Tutti le sparano per infilzare la riforma della Fornero che votarono e che funziona bene

Le cifre fasulle sulle pensioni

Bastano  due  conti  per  accertare  penalizzazioni  contenute

 di Giuliano Cazzola 

Il  dibattito  sulle  pensioni  si  è  trasformato,  ormai  da  troppo  tempo,  in  una  sorta  di  «Giostra  del  Saracino» dove  tutti  (ora  in  toni  sguaiati  e  volgari  come  quelli  di  Matteo  Salvini,  ora  con  argomenti  pseudo­tecnici come  quelli  del  Ministero  del  Lavoro  e  dell'Inps)  cercano  di  infilzare  l'ex  ministro  Elsa  Fornero  e  la  riforma che  porta  il  suo  nome,  nonostante  il  voto  «bulgaro»  del  Parlamento  (distratto?  coartato?),  nell'inverno  del 2011.  «Flessibilità  vo'  cercando»  è  ormai  divenuto  il  grido  di  battaglia  della  «terribile  coppia»  delle  due  P: Padoan­Poletti.  Matteo  Renzi  ha  ordinato  loro  di  consentire  alle  nonne  d'Italia  di  godersi  il  nipotino  (nel silenzio  assordante  delle  tardo­femministe)  e  i  due  ministri  non  possono  che  obbedire  almanaccando  tra  i conti  che  non  tornano.
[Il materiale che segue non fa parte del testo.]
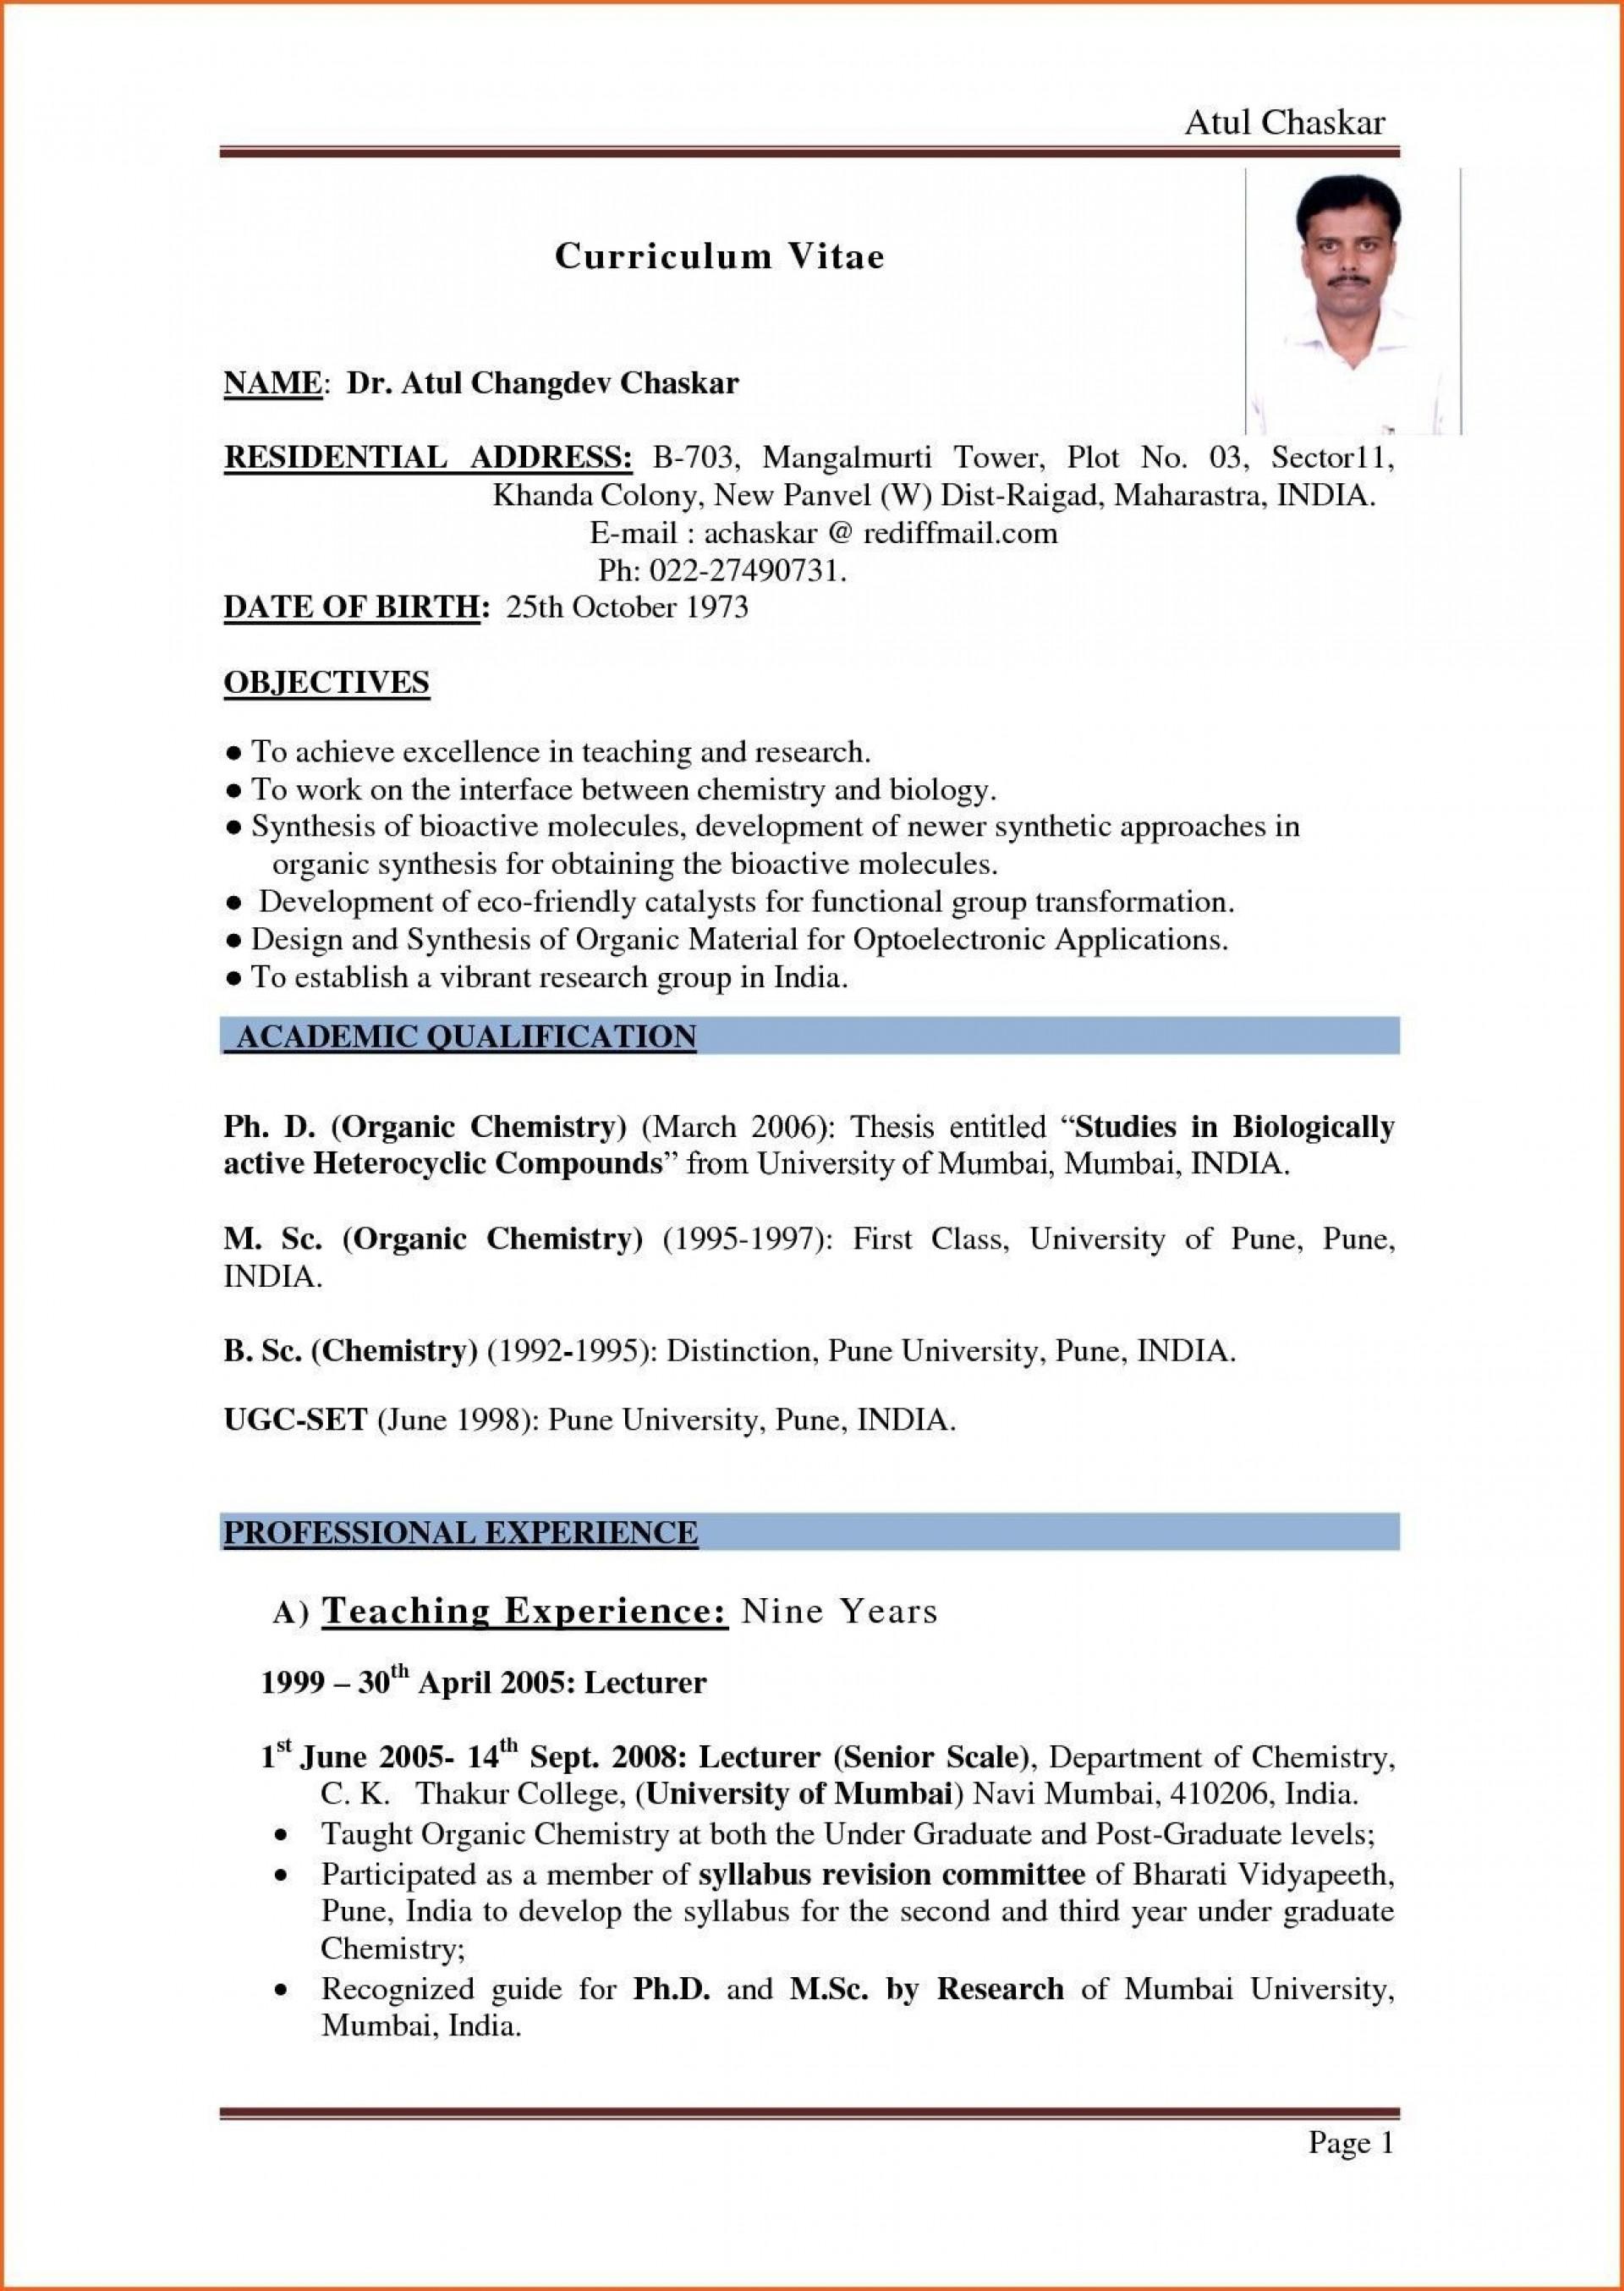 003 Singular Resume Sample For Teaching Job In India Image  School Principal Position1920

Per  adesso,  il  solo  ad  essere  contento  è  Cesare  Damiano,  il  «santo  patrono»  degli  esodati,  al  quale hanno  promesso,  nella  prossima  legge  di  stabilità,  una  settima  salvaguardia.  Ma  davvero  la  riforma Fornero  è  una  specie  di  gabbia  in  cui  resteranno  imprigionati  i  lavoratori  e  le  lavoratrici,  impossibilitati  ad andare  in  quiescenza  se  non  ad  età  venerande?  È  questa  una  convinzione  diffusa  che,  come  tutti  i  luoghi comuni,  viene  accettata  senza  sforzarsi  nemmeno  di  leggere  le  norme.  Basterebbe,  infatti,  rammentare che  nel  requisito  anagrafico  per  la  pensione  di  vecchiaia  (pari,  nell'anno  in  corso,  a  66  anni  +3  mesi  per  i dipendenti  pubblici  e  privati,  per  i  lavoratori  autonomi  e  per  le  lavoratrici  del  pubblico  impiego;  a  63  anni  e 9  mesi  per  le  lavoratrici  dipendenti  dei  settori  privati  e  a  64  anni  e  9  mesi  per  quelle  autonome)  sono inclusi  sia  i  12  mesi  (18  per  gli  autonomi)  della  c.d.  finestra  mobile,  sia  gli  incrementi  derivanti

dall'aggancio  automatico  all'attesa  di  vita:  misure  adottate  dal  governo  di  centro  destra  (legge  n.122/2010) e  soltanto  confermate  nel  2011.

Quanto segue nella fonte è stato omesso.